Each strategy has trade-offs:

| Approach | Accuracy | Effort | Speed |
|----------|----------|--------|-------|
| Numerical (`numDeriv`) | $O(h^2)$ truncation error | None (default) | Slow (extra evaluations) |
| Hand-coded analytic | Exact | High (error-prone) | Fast |
| Automatic differentiation (AD package) | Exact (machine precision) | Low | Moderate |

The general recommendation: **start with the default** (no explicit
derivatives) during model development, then **switch to an AD package**
or hand-coded derivatives when you need accuracy or performance. For
derivative-free problems, use `nelder_mead()`.
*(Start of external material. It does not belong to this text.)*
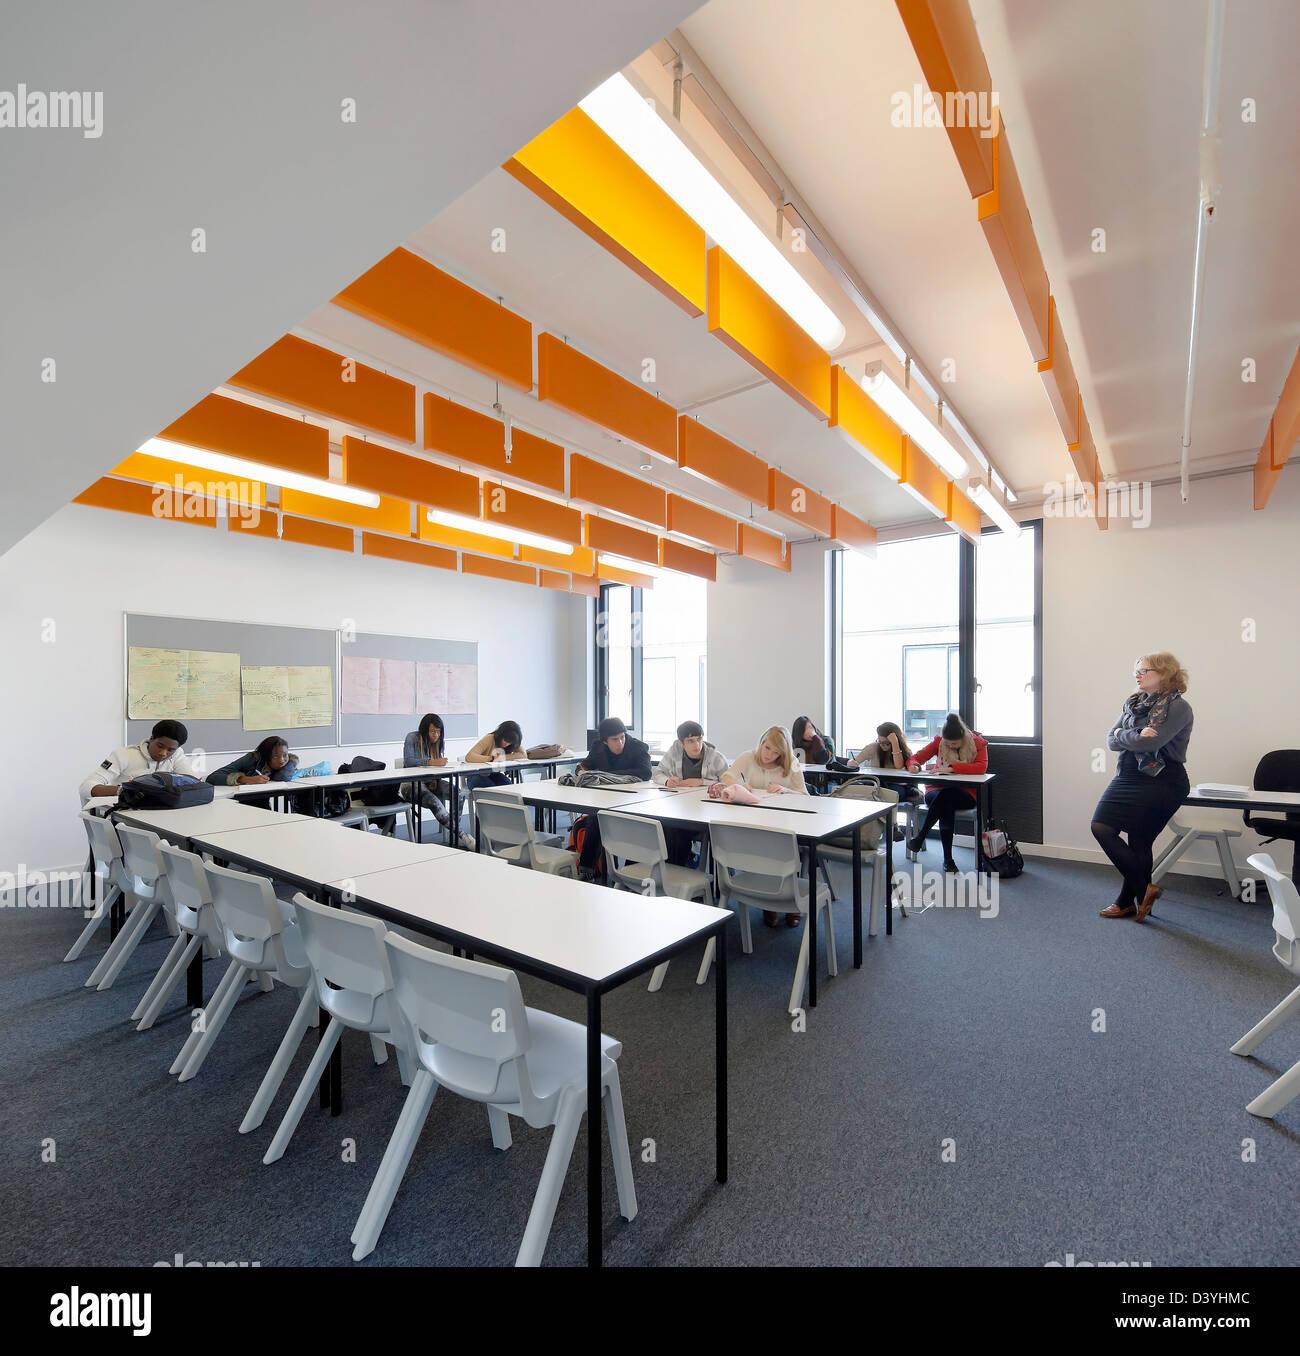 Thomas Tallis School, Greenwich, United Kingdom. Architect: John McAslan & Partners, 2012. Classroom. - Stock Image

| Situation | Recommended | Reason |
|-----------|-------------|--------|
| Quick prototyping | `numDeriv` (default) | Zero effort, just write the log-likelihood |
| Production / accuracy-critical | AD package or hand-coded | Exact derivatives |
| Complex models (mixtures, hierarchical) | AD package | Hand-coding is error-prone and tedious |
| Non-differentiable objective | `nelder_mead()` | Derivative-free simplex method |

## The Ecosystem at a Glance

The packages form a pipeline: **define** a model, **solve** for the MLE,
**combine** estimates, and **test** hypotheses---with closure at every
level.

| Package | CRAN | Purpose |
|---------|------|---------|
| [`algebraic.mle`](https://CRAN.R-project.org/package=algebraic.mle) | Yes | MLE algebra: `params()`, `se()`, `confint()`, `mle_weighted()` |
| [`algebraic.dist`](https://CRAN.R-project.org/package=algebraic.dist) | Yes | Distribution algebra: convolution, mixture, truncation |
| [`compositional.mle`](https://github.com/queelius/compositional.mle) | --- | Solver composition: `%>>%`, `%|%`, `with_restarts()` |
| [`hypothesize`](https://CRAN.R-project.org/package=hypothesize) | Yes | Test composition: `wald_test()`, `lrt()`, `fisher_combine()` |
| [`dfr.dist`](https://github.com/queelius/dfr.dist) | --- | Distribution-free reliability methods |

The typical workflow:

1. **Define** your model as a log-likelihood and pass it to
   `mle_problem()`
2. **Solve** with a composed solver strategy from `compositional.mle`
   --- get an `mle` object
3. **Combine** independent estimates with `mle_weighted()` from
   `algebraic.mle` --- get a (better) `mle` object
4. **Test** hypotheses with `hypothesize` --- get a `hypothesis_test`
   object
5. **Combine** tests with `fisher_combine()` --- get a (stronger)
   `hypothesis_test` object

At every step, the result is the same type as the input. That is the
SICP closure property, and it is what makes the ecosystem composable.